Натаниэль, несомненно, заметил, что на вечеринке староста был совсем другим, не таким, как всегда. Он был гораздо нежнее и беззащитнее. Особенно в тот момент, когда с его лица сняли маску, основательно разрушив ту границу, что он построил с помощью этого элемента одежды. Глупо было надеяться, что маска спасёт и защитит. Она не меняла ничего, но Бэнкс искренне верил в обратное. Потому вздрогнул, когда маска полетела на пол. Они находились в темноте, разговаривали исключительно шёпотом, не видели лиц друг друга, словно два незнакомых человека, случайно встретившихся и поддавшихся порыву страсти. Кроули считал, что этой легендой Сеймур в мыслях и прикрывался. Сам Натаниэль изначально хотел знать, что находится рядом со старостой, и, чем отчётливее будет знание, тем лучше. Его маска не настораживала, но раздражала. Он потянулся к ней намеренно, желая поскорее снять, попутно уничтожив эту напускную загадочность, что была между ними. Он видел в маскарадной штуке только вещь, а не элемент таинственности, не придавал ей такого значения, которое приписывал Бэнкс.
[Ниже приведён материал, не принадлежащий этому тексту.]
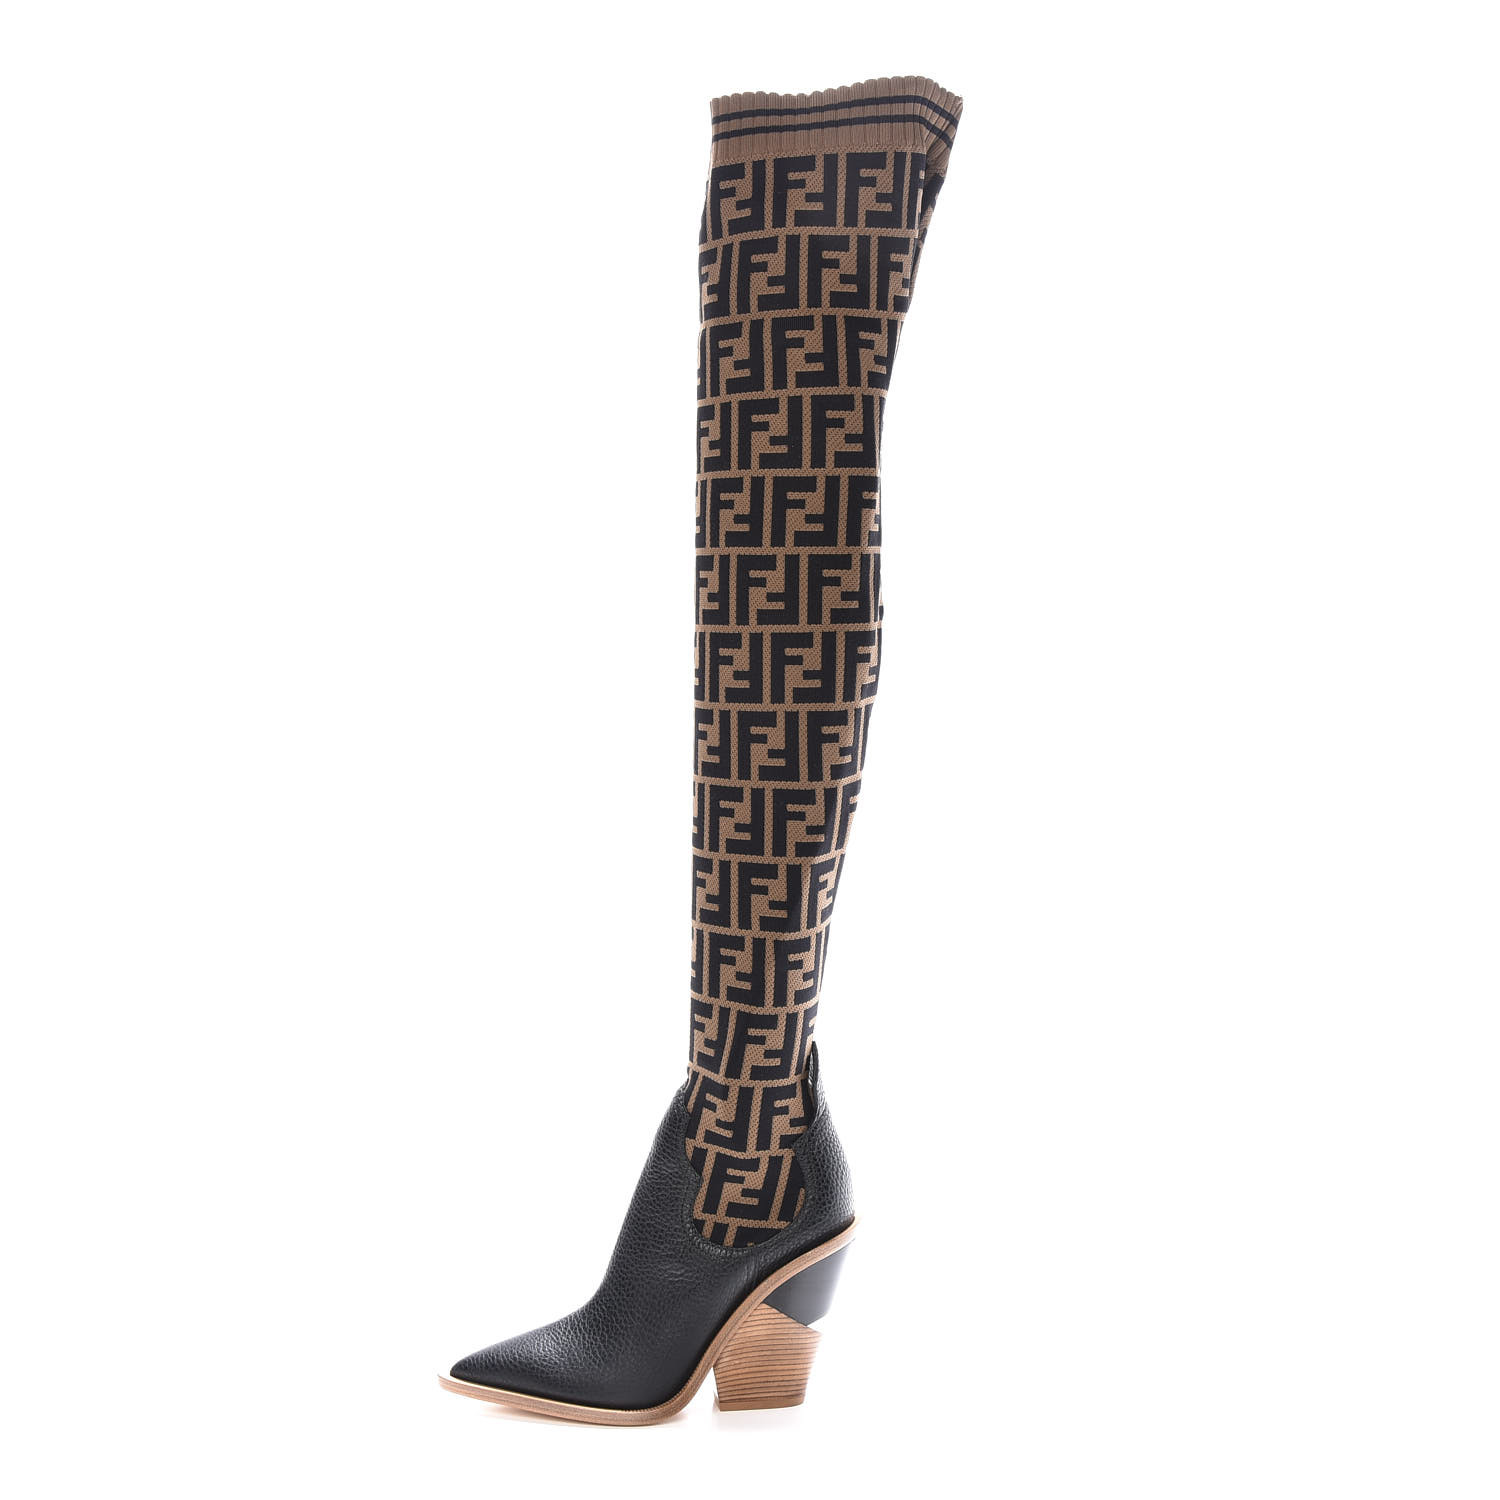 FENDI Stretch Fabric Zucca Thigh High Sock Boots 36 Tobacco Black 399814

Основательно поразмыслив в ту же самую ночь, Натаниэль пришёл к выводу, что дело вовсе не в степени опьянения, и стыдно Сеймуру не за собственное поведение, для него это было не открытием или экспериментом. Для него это было в порядке вещей, смущало лишь... Что? Личность человека, которого он целовал? Вероятно. Сходу на данный вопрос ответить у Кроули не получилось, и он решил отложить решение задач до утра. Только утром староста позорно сбежал, не оставив шанса на откровенный разговор. Повезло, что Натаниэль столкнулся с ним в кафе и кое-что всё же узнал. Да вот незадача. Легче от этого открытия не стало ни на секунду. Всё было, по-прежнему, плохо. И сейчас, таращась в сторону пустующей парты, Кроули убеждался в правдивости своих умозаключений всё сильнее.
Он не знал, как найти подход к старосте.
В прошлой жизни у него проблем с отношениями не возникало.
Если не считать проблемой реакцию отца, конечно. Во всяком случае, в момент, когда Натаниэль впервые решил поведать о своих предпочтениях семье. Скандал? Да, но только со стороны Джейкоба. Селина старалась сына оградить от чужой ненависти и как-то ситуацию исправить. В итоге Кроули-старший сорвался на жене, и день признания Натаниэля стал первым днём, когда Джейкоб впервые ударил Селину.
«Неудачник и ничтожество! Тебе что, бабы совсем не давали, что ты... ты...».
Бабы ему могли бы дать теоретически, во всяком случае, две девушки из прошлой школы совсем не возражали против более близких отношений, ясно давая понять, что Натаниэль им нравится. И девушки были далеко не уродины, очень даже симпатичные. Другое дело, что опыт в этом деле у Кроули уже имелся, и назвать его удачным язык не поворачивался. Полчаса маловразумительного петтинга, закончившиеся провалом. После этого Натаниэль даже не совершал повторных попыток.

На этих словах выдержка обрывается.